Луис командовал мной, как всегда, и откровенно считал, что делает мне этим честь.
— Эй, русский, поди возьми подпись-согласие на операцию у той старухи с геморроем.
По закону, перед каждой операцией пациент должен дать на неё письменное согласие.
Я заполнил специальную форму и пошёл к больной.

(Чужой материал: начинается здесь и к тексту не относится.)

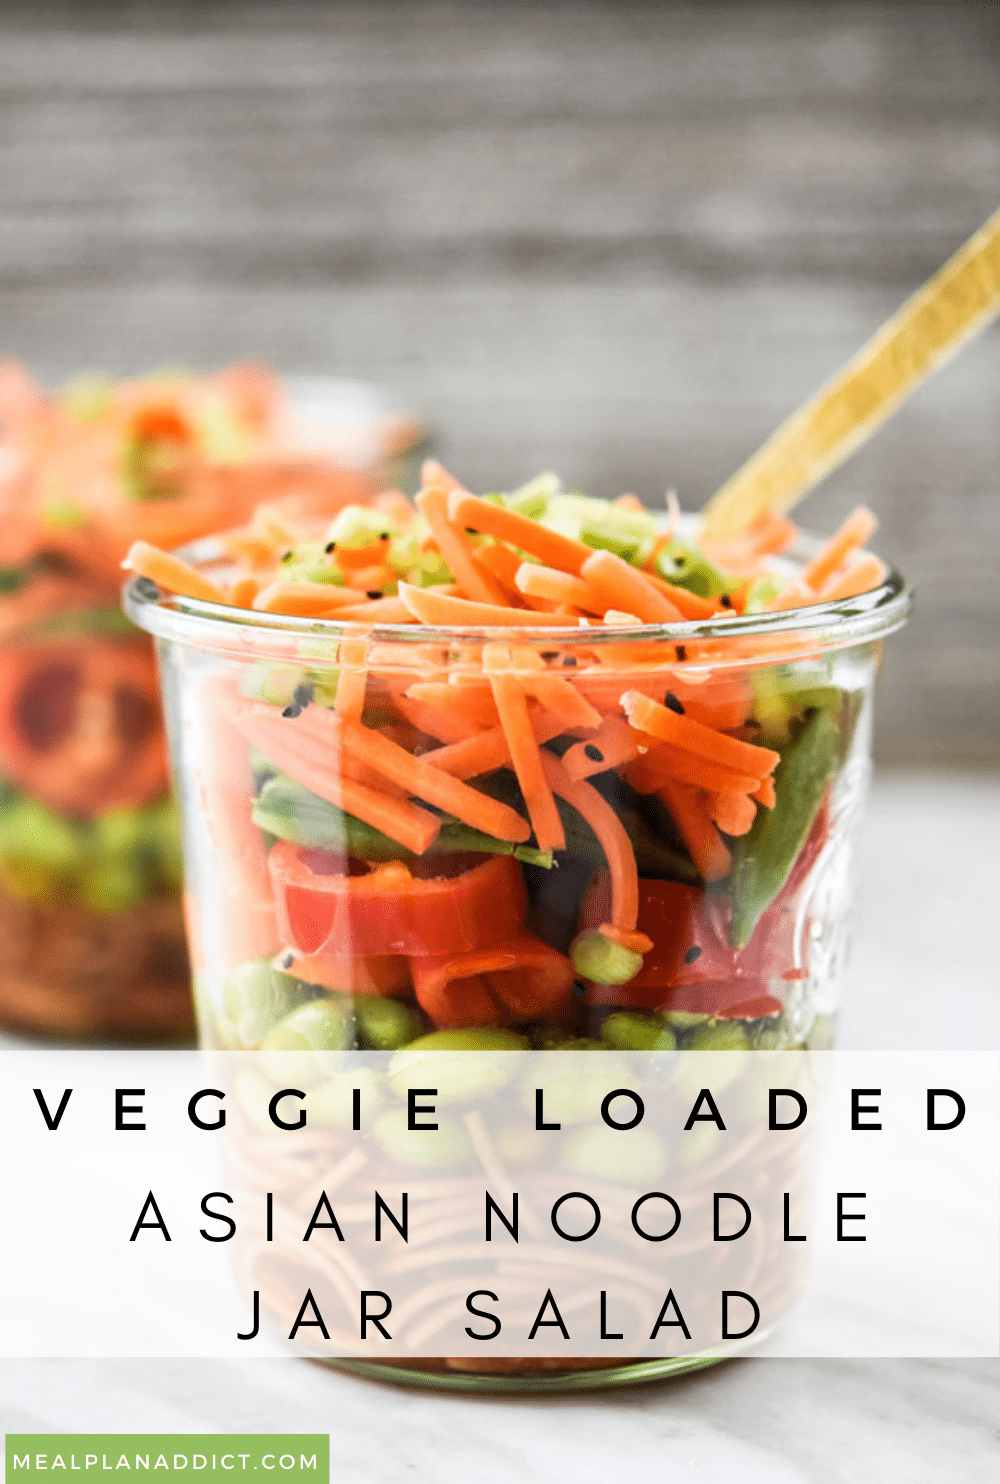 Asian noodle Jar salad pin for Pinterest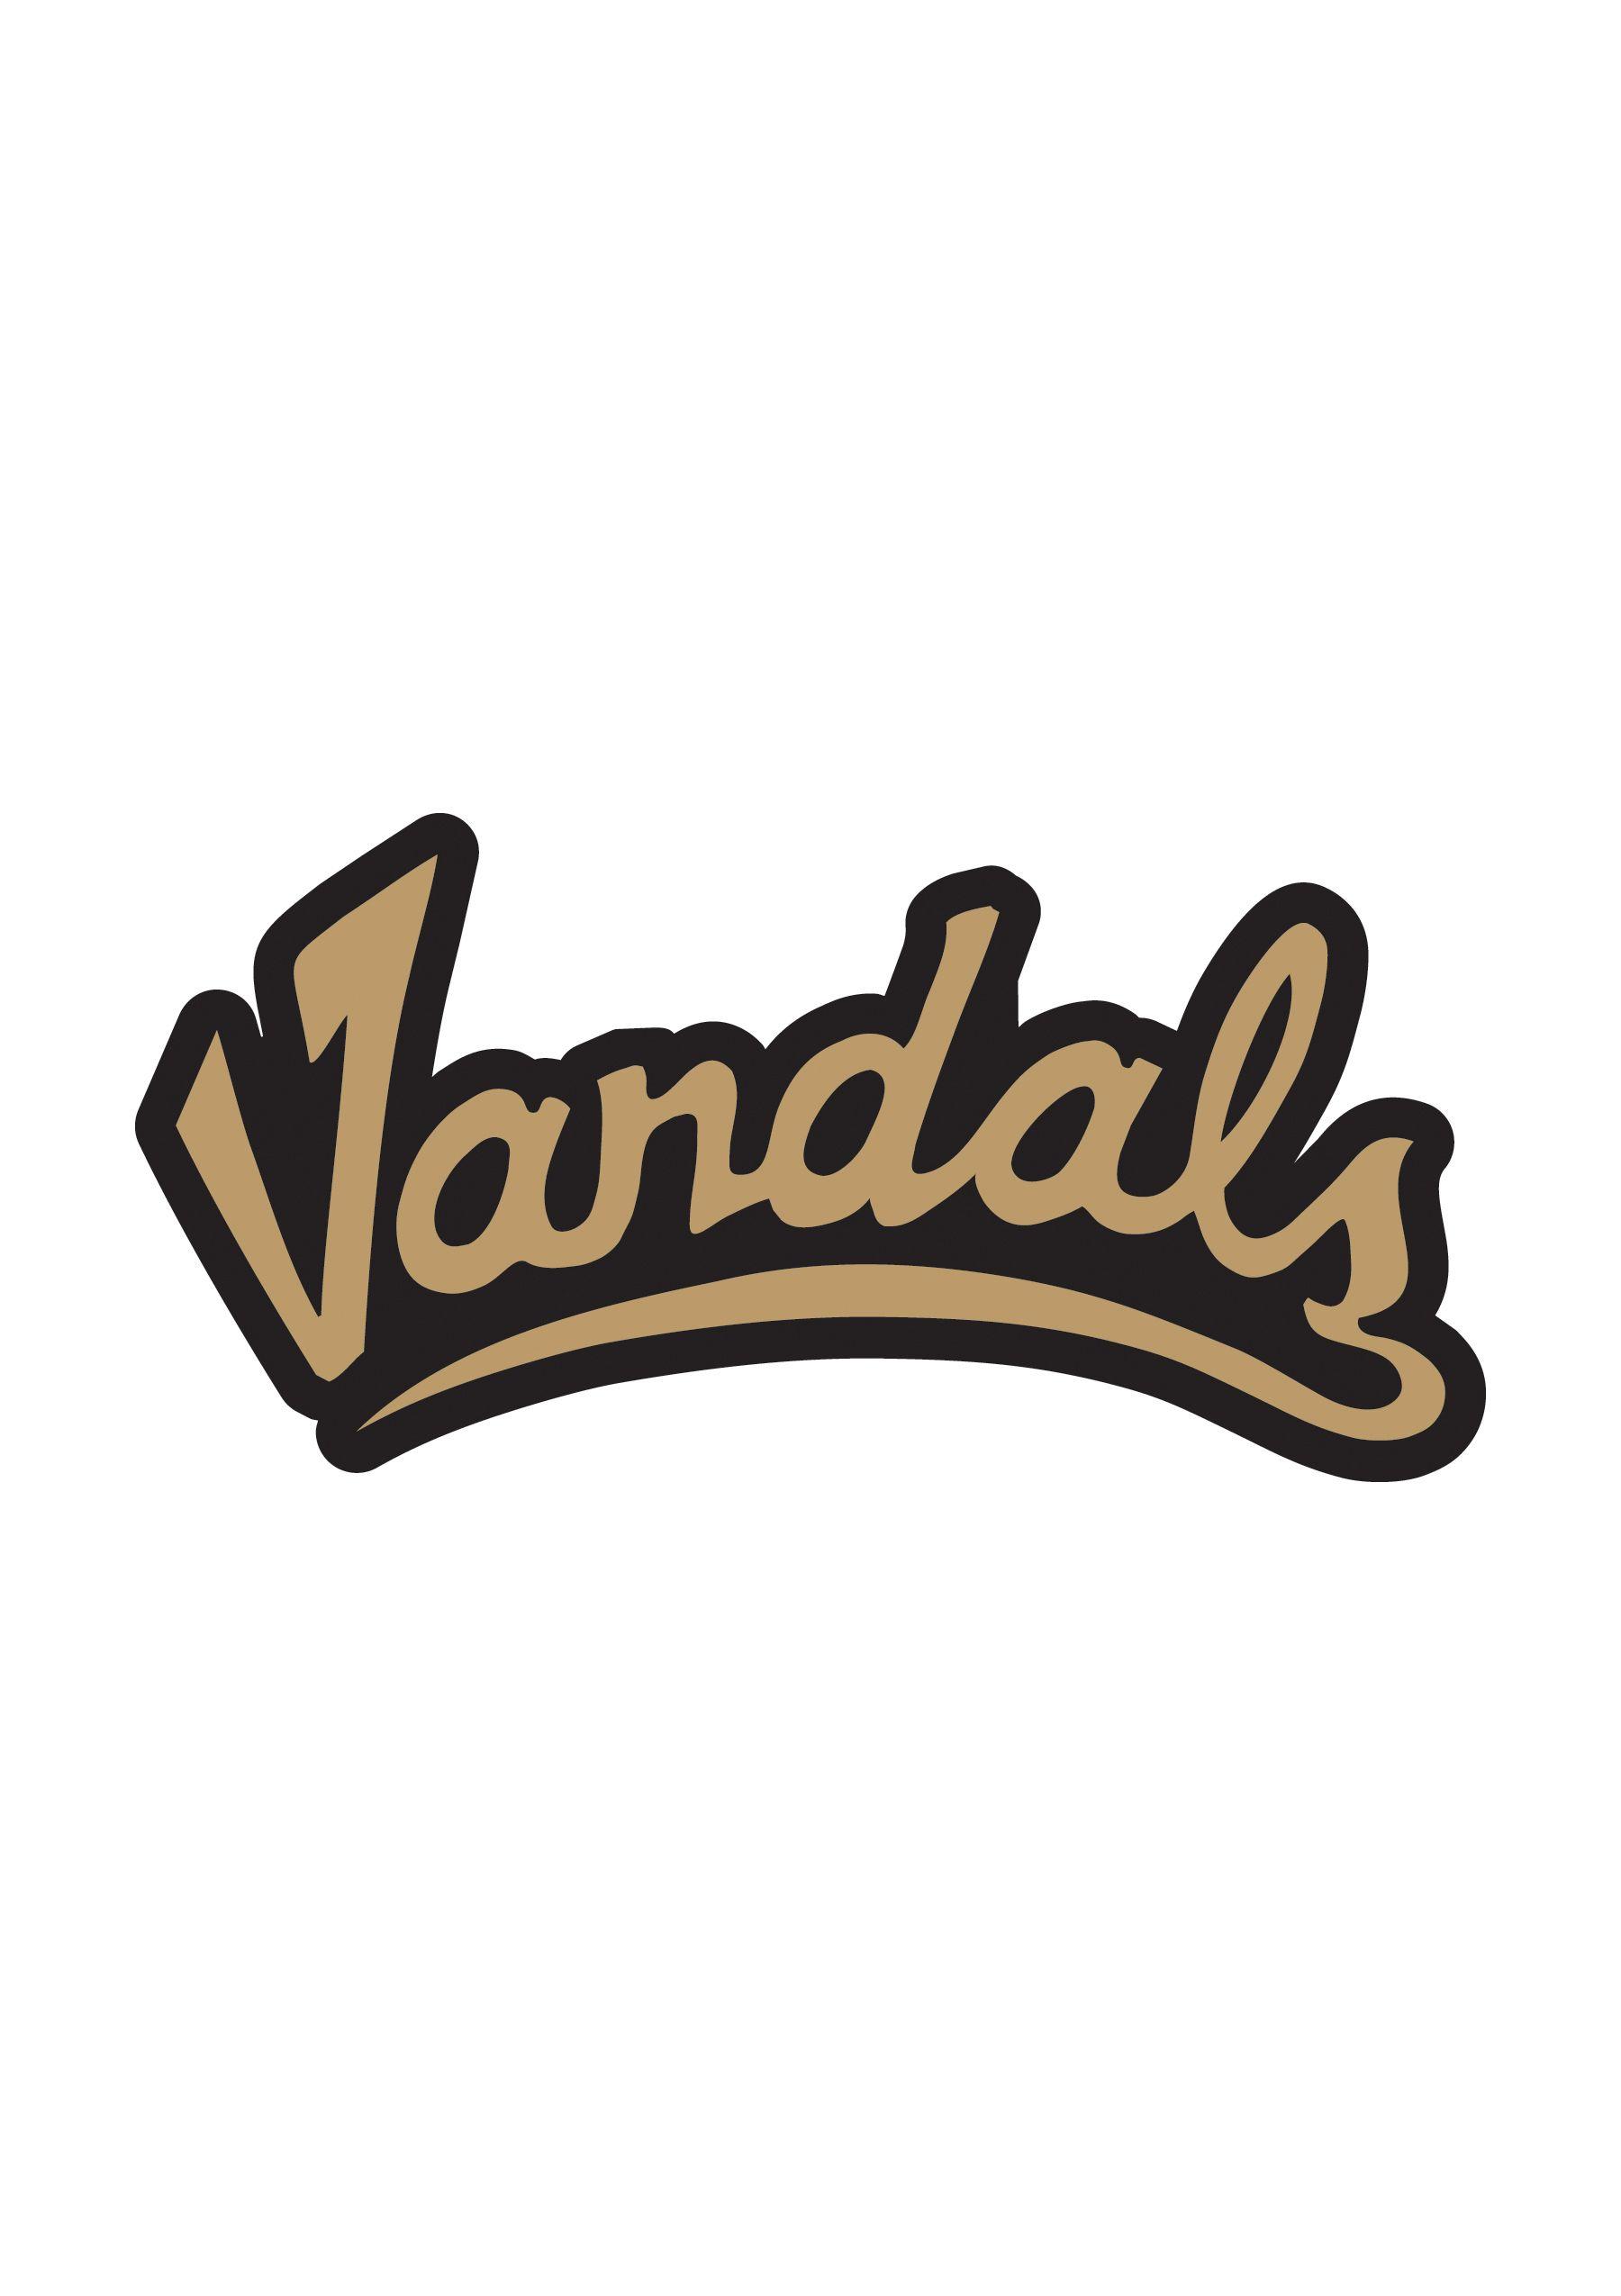 Vandals Logo - Idaho vandals Logos

— Добрый вечер, как вы себя чувствуете? — Ответа нет, я продолжал: — Пожалуйста, подпишите ваше согласие на операцию на завтра.
Мутные глаза старухи уставлены куда-то в сторону. Дежурная сестра говорит:
— Доктор Владимир, она же не реагирует на окружающее, у неё глубокий старческий маразм. Ей пришла пора умирать. Жалко, конечно, старушка такая тихая.
— Как же мне взять согласие на операцию?
— На операцию?.. Неужели?.. Впрочем, это дело ваше, докторов.
Я объяснил ситуацию пришедшему следом Луису. Он позвонил её хирургу, послушал и сказал в трубку:
— Хорошо… не волнуйтесь… я сделаю… — Повернулся ко мне: — Рай меня обложил и сказал, что подпись — это не его забота, а операцию он всё равно должен делать. Бери форму согласия и пошли к старухе. Сейчас она нам подпишет!
Он вставил ручку в безжизненные пальцы старухи и водил ею, рисуя корявую пропись её фамилии. Больная ничего не только не понимала, но и не чувствовала.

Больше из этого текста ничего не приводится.